A man who once wrote an ode to his underpants has now put himself forward to be a member of the House of Lords.

Peter Mitchell shot to fame last year when his pants poem was broadcast to more than a million listeners on Sarah Kennedy's Radio 2 show.

And if the part-time poet and electrical engineer gets his way, he will soon be refusing to answer to anything other than 'My Lord'.

Mr Mitchell, 46, has applied to be a 'people's peer' - the new do-it-yourself nobles created by the House of Lords Appointments Commission.

After nominations for the people's peers were opened last Wednesday, Mr Mitchell was one of the first to put his name on the list.

He said: "When I saw you could apply to be in the House of Lords, I thought, 'I can do that'. I would be a good peer because I'm grassroots. Some of the peers we have now are on a different level, they're not of the people. They need someone fresh who's in touch with the people, like me."

Every adult in the country is now free to apply for a peerage under the new Government scheme, which aims to inject some new blood into the Upper House.

Only ten of the people's peers will be created this year, but Peter Mitchell, of Thyme Close, Shoreham, thinks he is in with a good chance.
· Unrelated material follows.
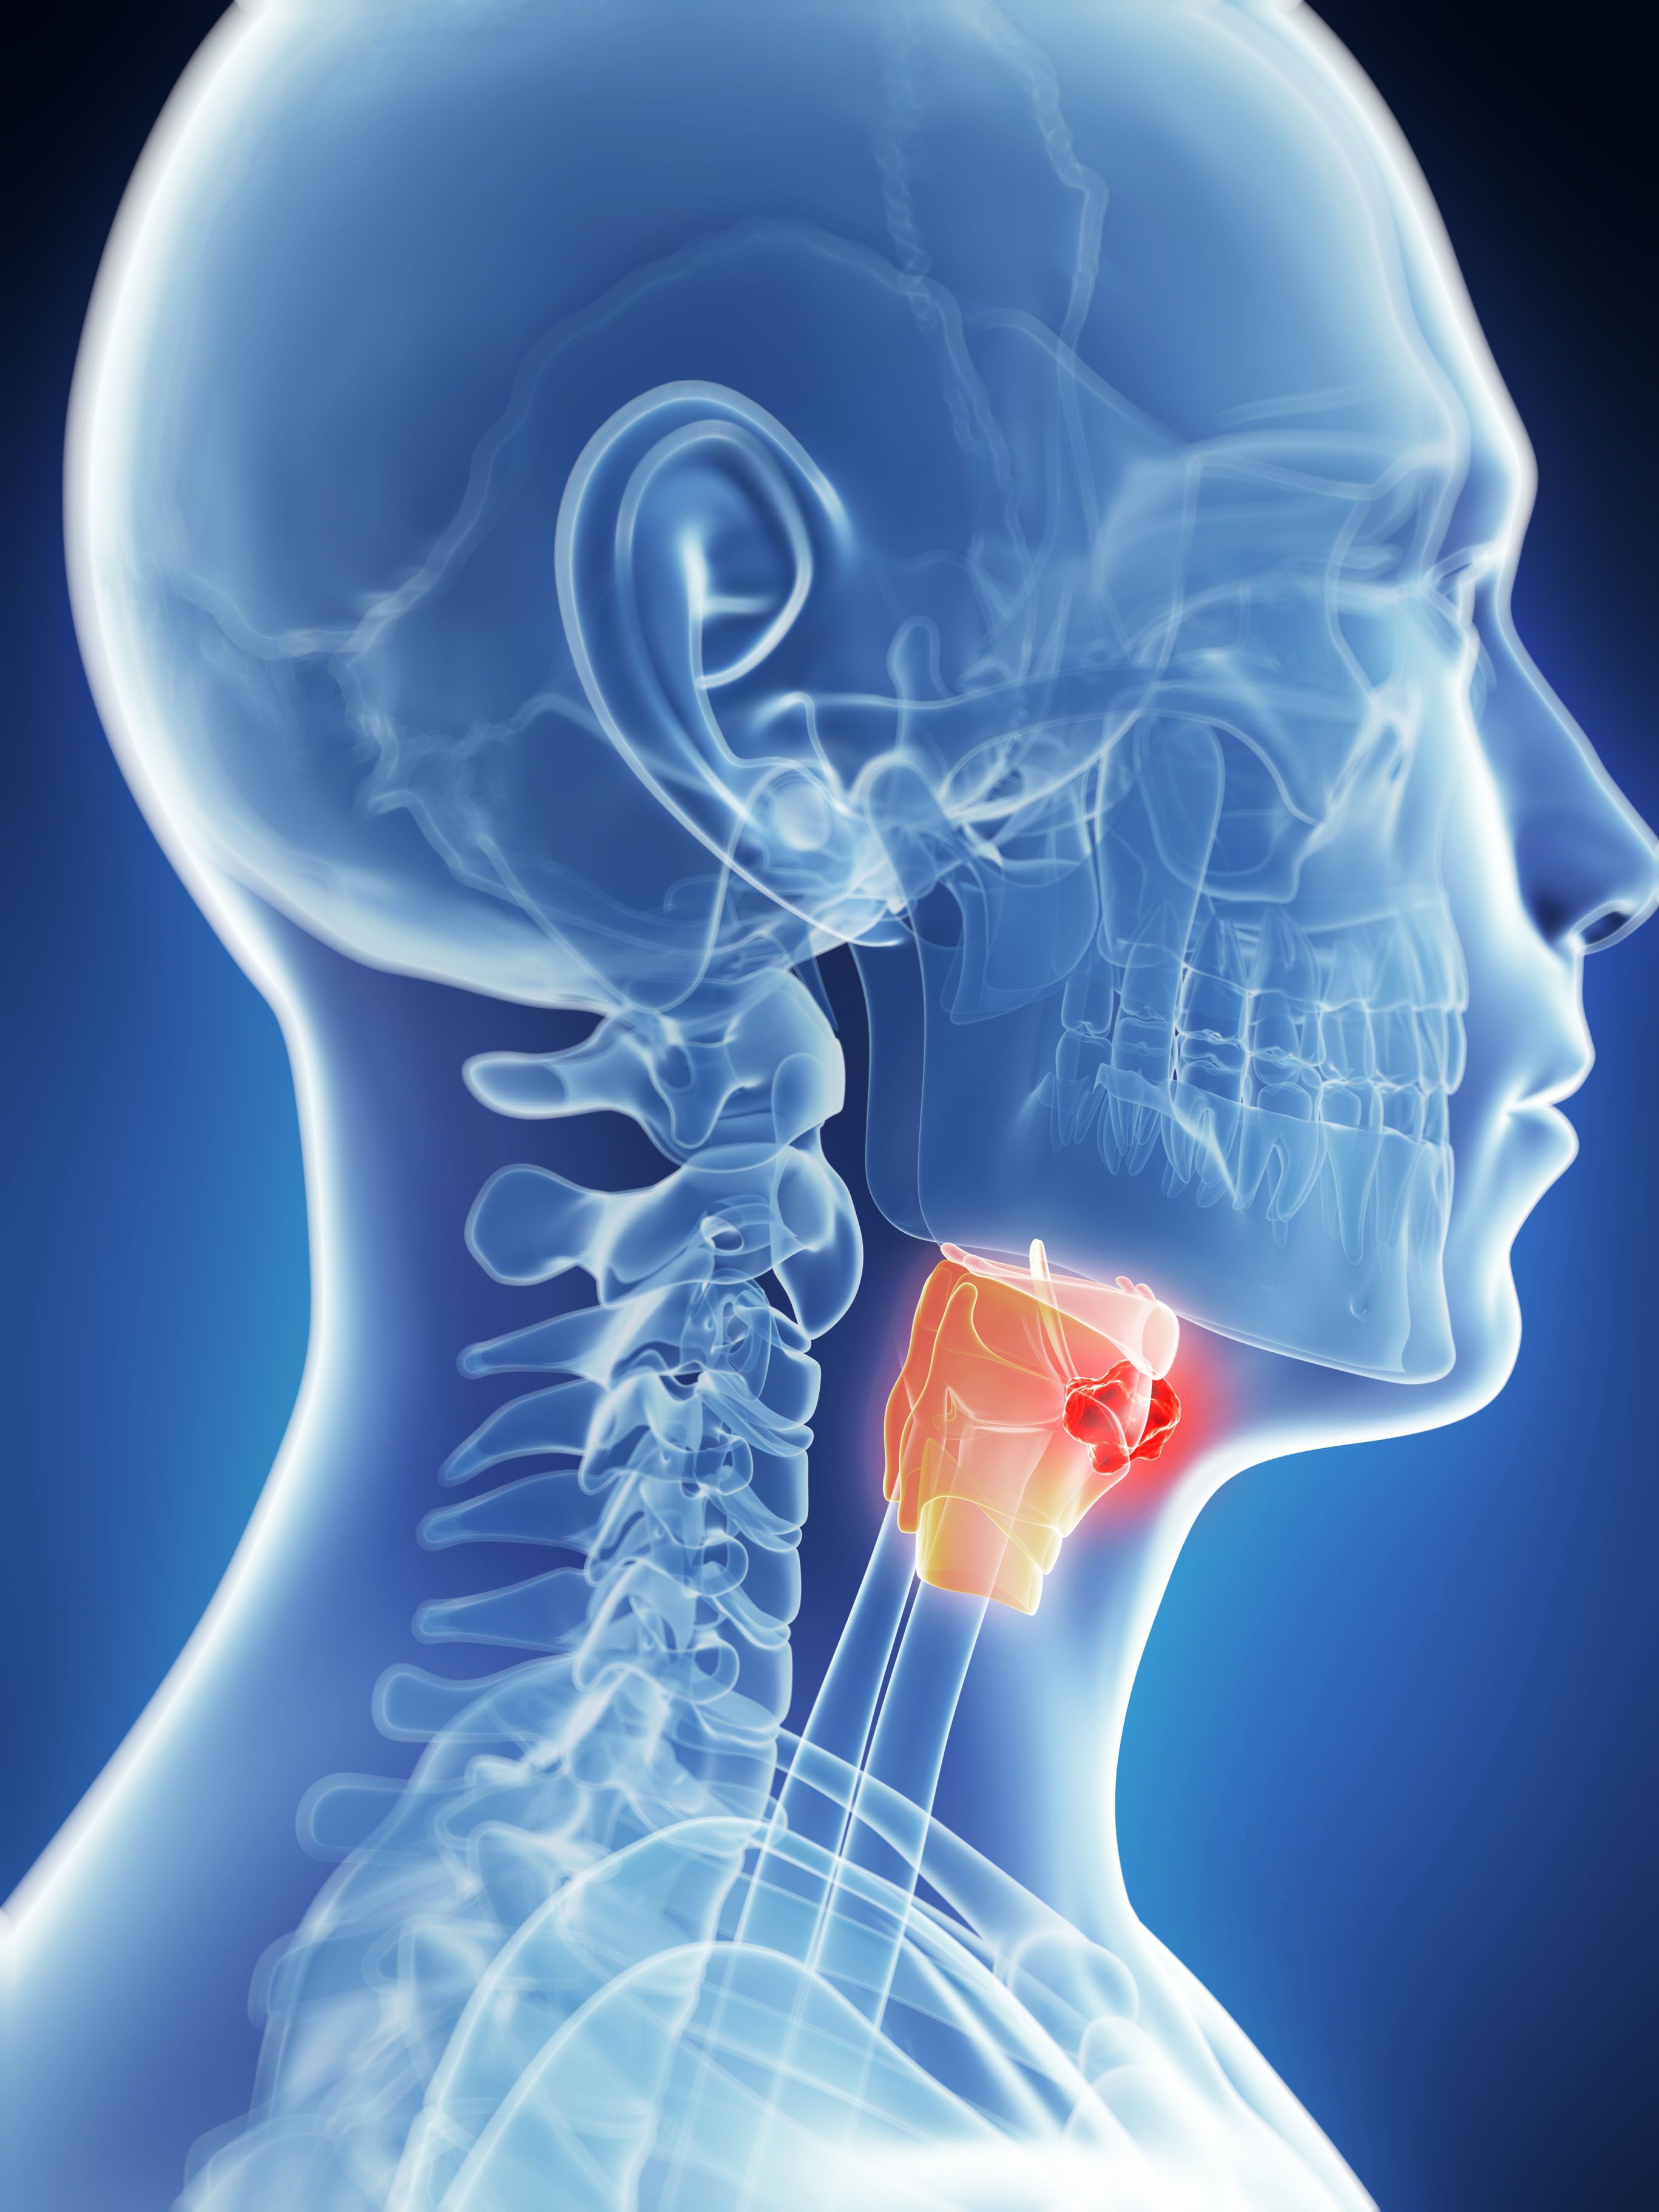 Laryngeal Cancer Treatment and Prognosis
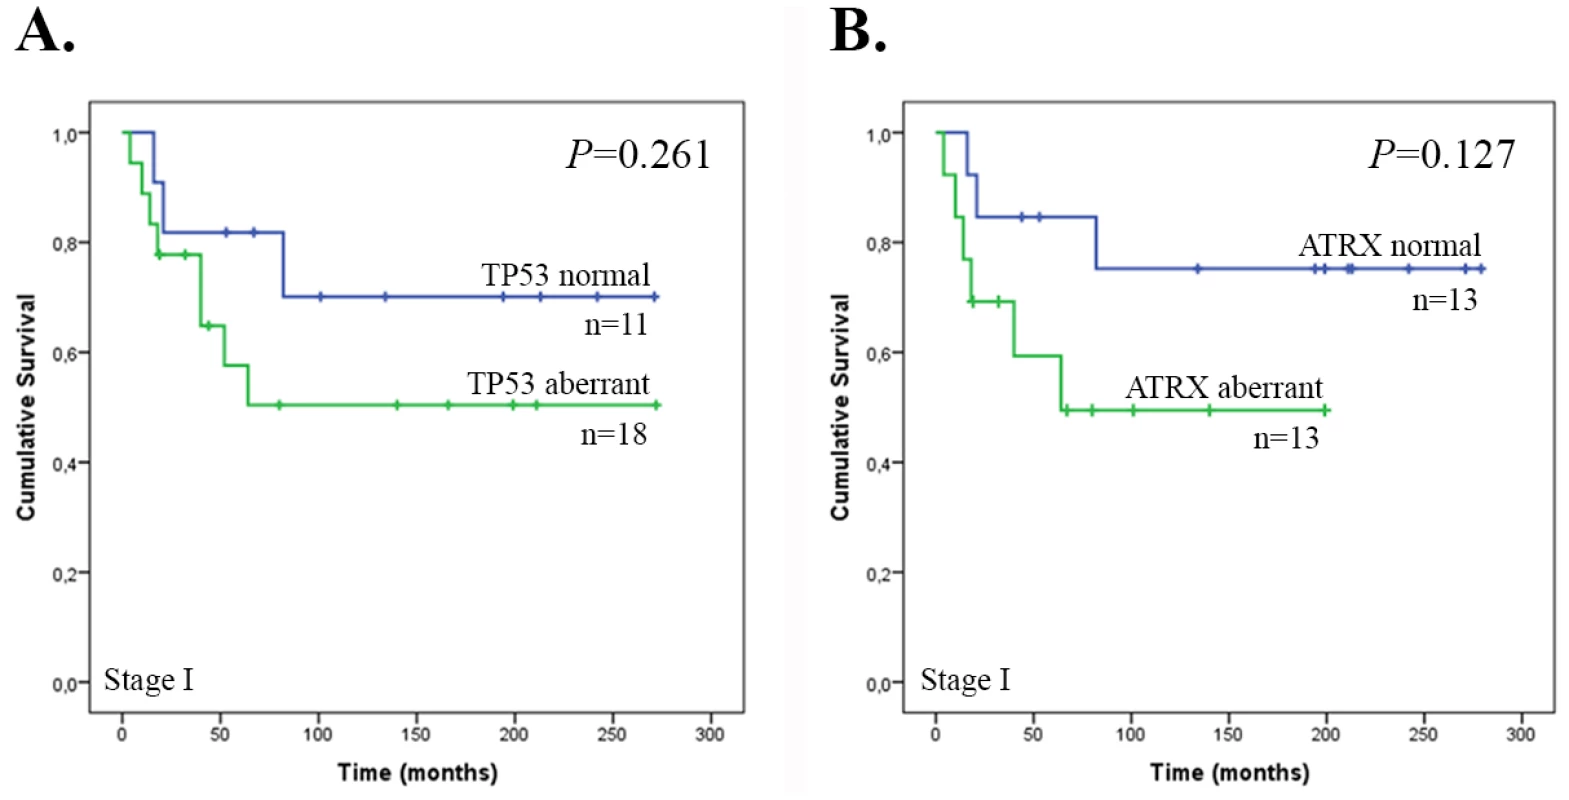 Overall survival of patients with Stage I ULMS according to TP53 and ATRX expression status.

Mr Mitchell said his past achievements included assisting the Conservative party at elections and being divorced by his first wife.

"If I was chosen as a peer I would promote Shoreham, which is where I was born. I would promote family life and things like that, and I would work towards improving the rights of construction workers. I was 28 years in the building trade. I would promote health and safety more."

If Mr Mitchell did succeed in his bid to become a lord, he would take up his seat next spring after approval by the Queen.

As a working peer, he would be able to claim the title Lord Mitchell, as well as having the right to be called 'My Lord'.

Mr Mitchell said most of his friends had scoffed at his ambitions: "One or two of them have said good luck but they think I'm aiming a bit high. When I do get appointed, I'll give them a shock. I'll invite them all round for afternoon tea and they will have to call me Lord."